__Problem statement__:
Every entry must be transcribed exactly. Pictures are not part of the copy.

━━━━━ Data for this task

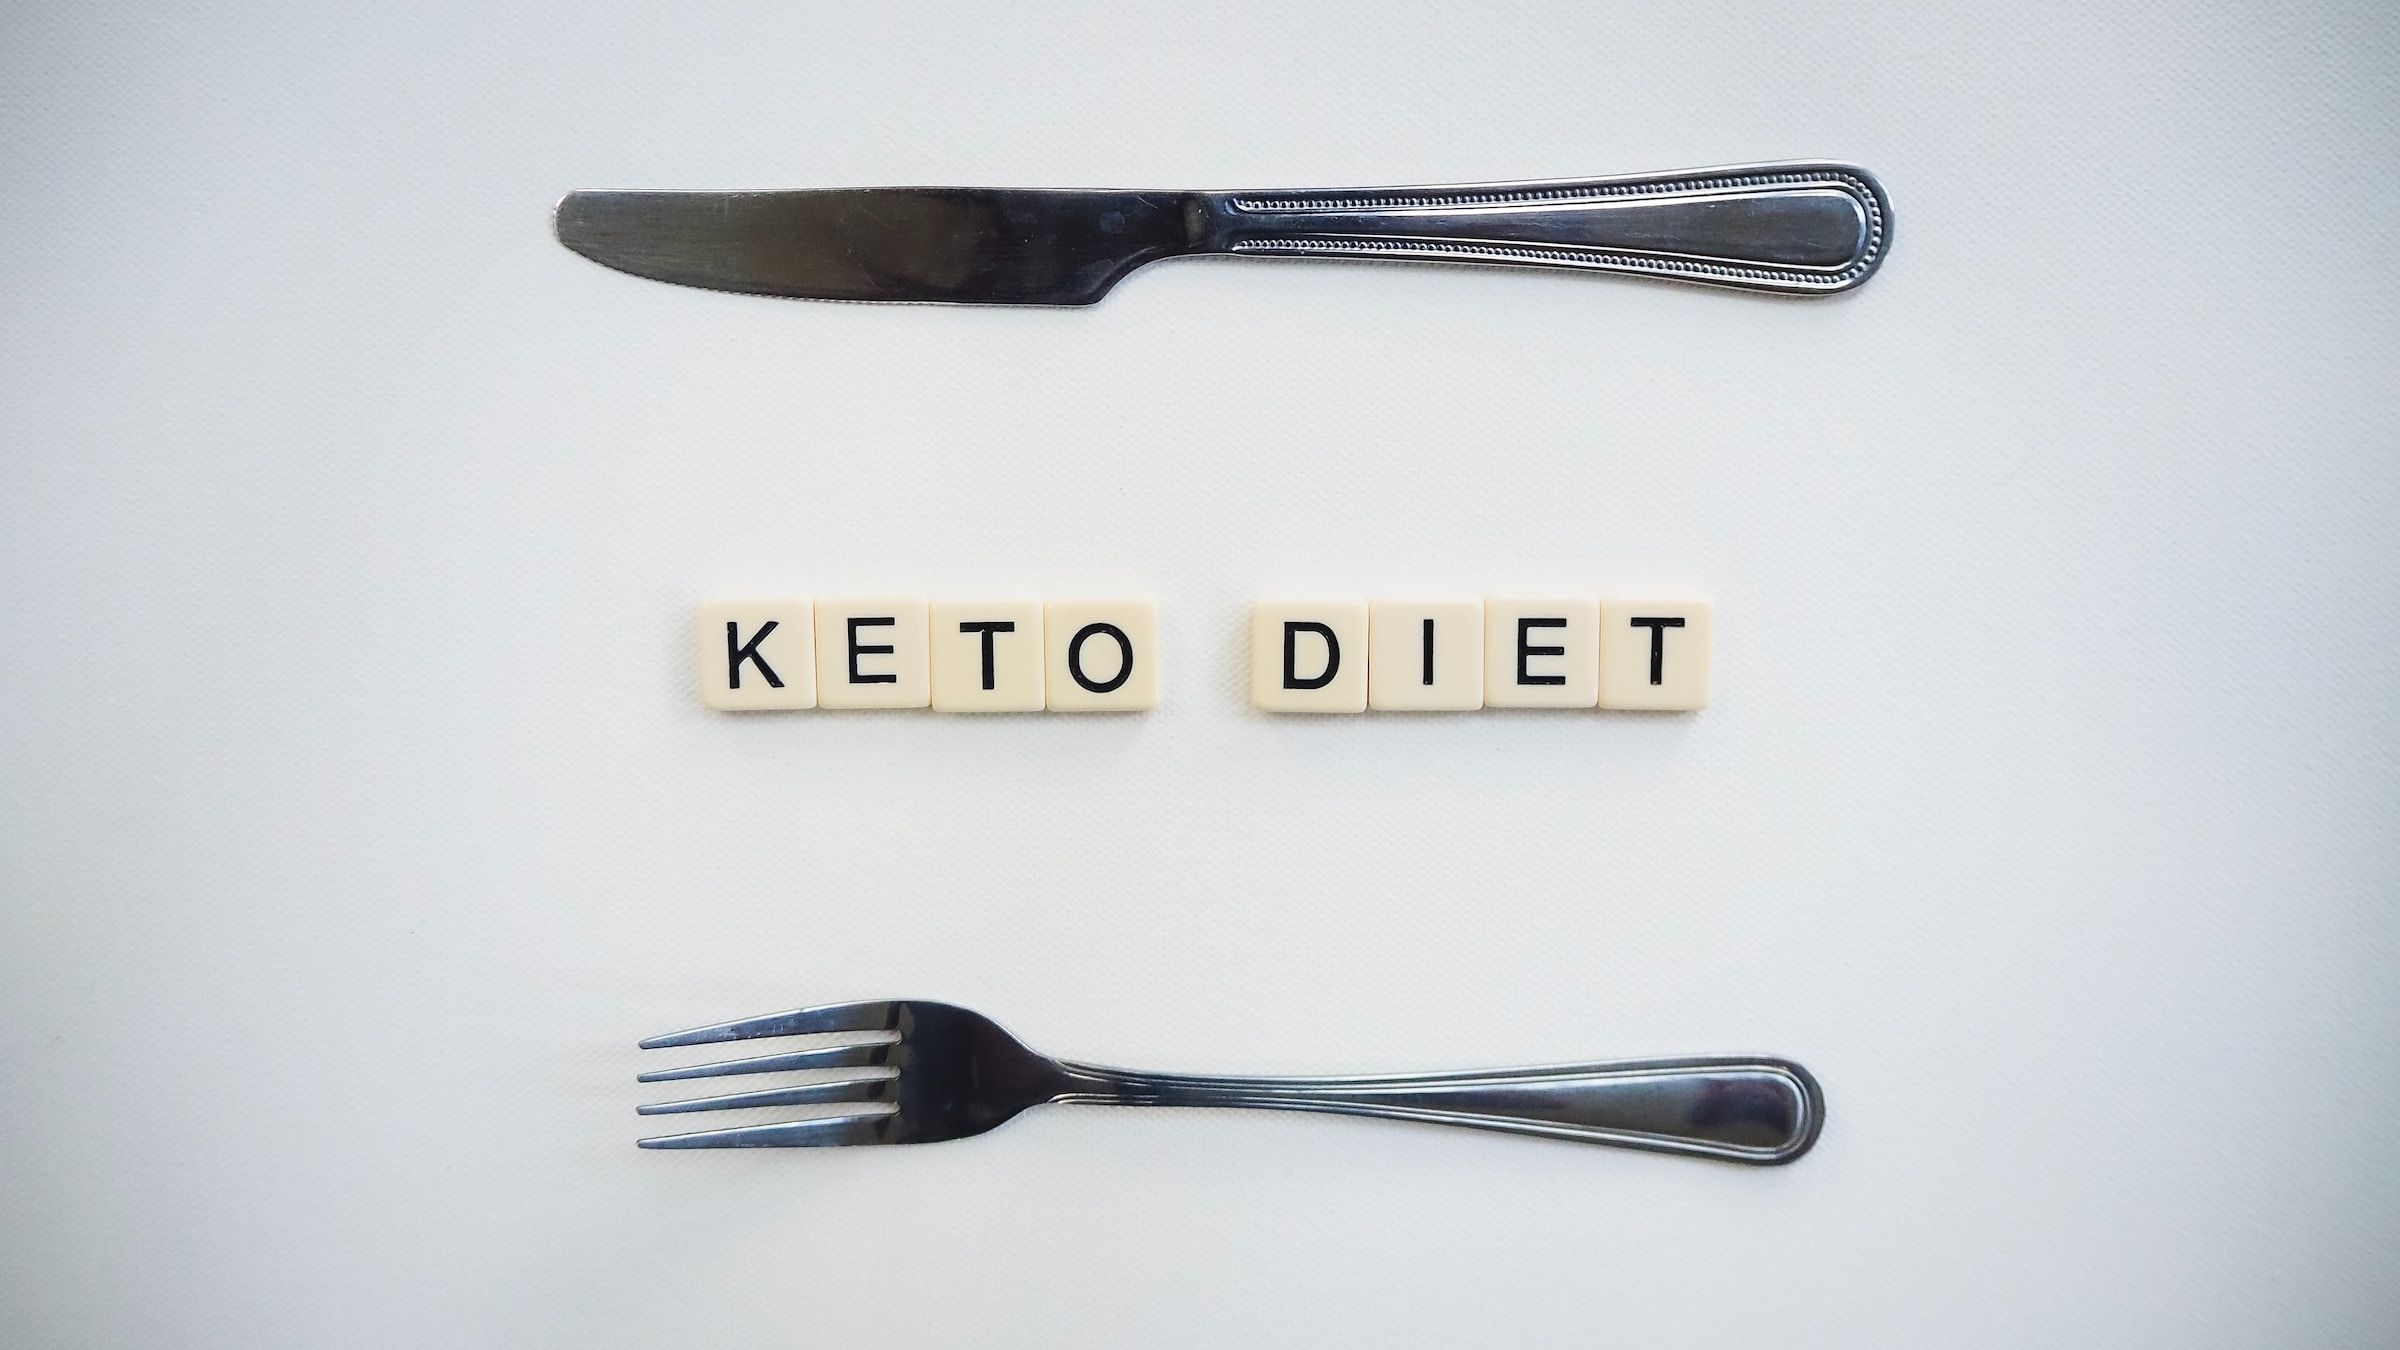 keto diet picture knife and fork word block
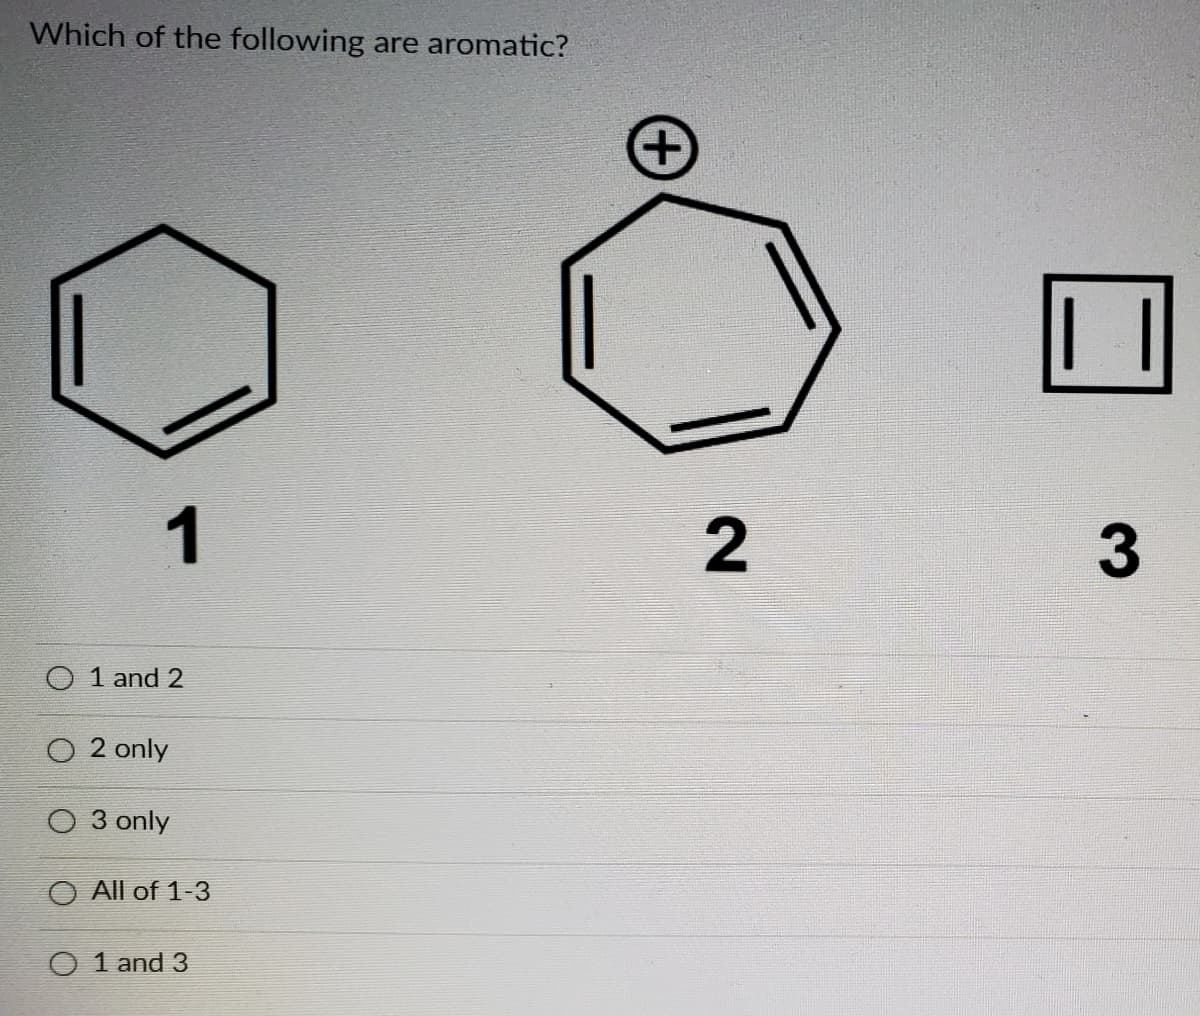 Which of the following are aromatic?
1
O 1 and 2
2 only
O 3 only
All of 1-3
O 1 and 3
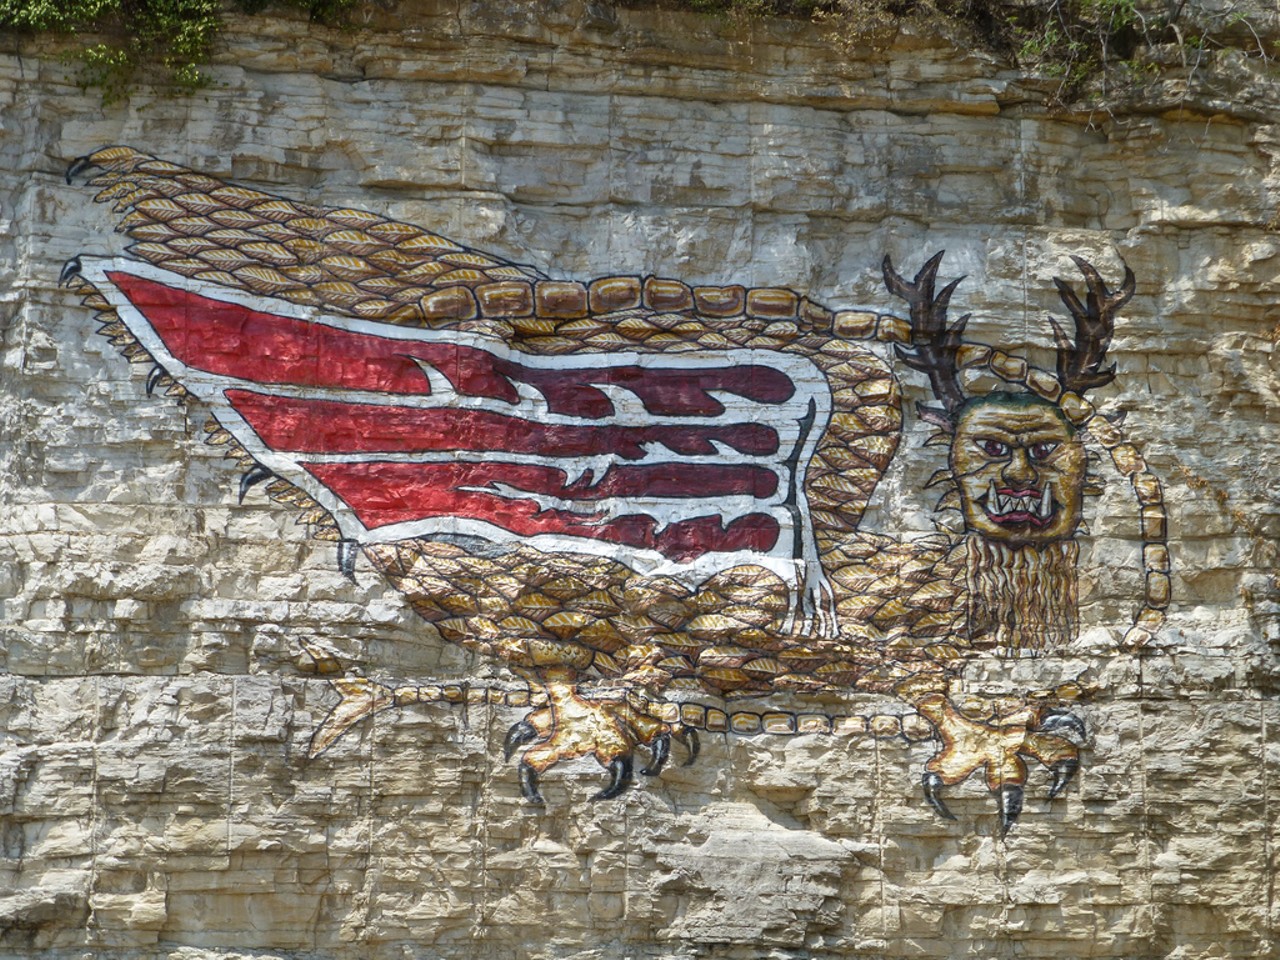 Piasa Bird
IL-100, one mile north of the Alton Visitor Center
Alton, IL 62002
No, you're not hallucinating. That enormous painting of a lion-bird-horse on the Great River Road bluffs just outside of Alton is most definitely real &#151; and completely creepy. Known as the Piasa bird, this ancient Native American mythological creature has a long history of freaking out inhabitants of this part of Alton. Visit the site to find out why. Photo courtesy of Flickr / Mike Linksvayer.

━━━━━━━━━━

__Response to this exercise__:
 keto diet picture knife and fork word block
 Which of the following are aromatic?
1
O 1 and 2
2 only
O 3 only
All of 1-3
O 1 and 3
 Piasa Bird
IL-100, one mile north of the Alton Visitor Center
Alton, IL 62002
No, you're not hallucinating. That enormous painting of a lion-bird-horse on the Great River Road bluffs just outside of Alton is most definitely real &#151; and completely creepy. Known as the Piasa bird, this ancient Native American mythological creature has a long history of freaking out inhabitants of this part of Alton. Visit the site to find out why. Photo courtesy of Flickr / Mike Linksvayer.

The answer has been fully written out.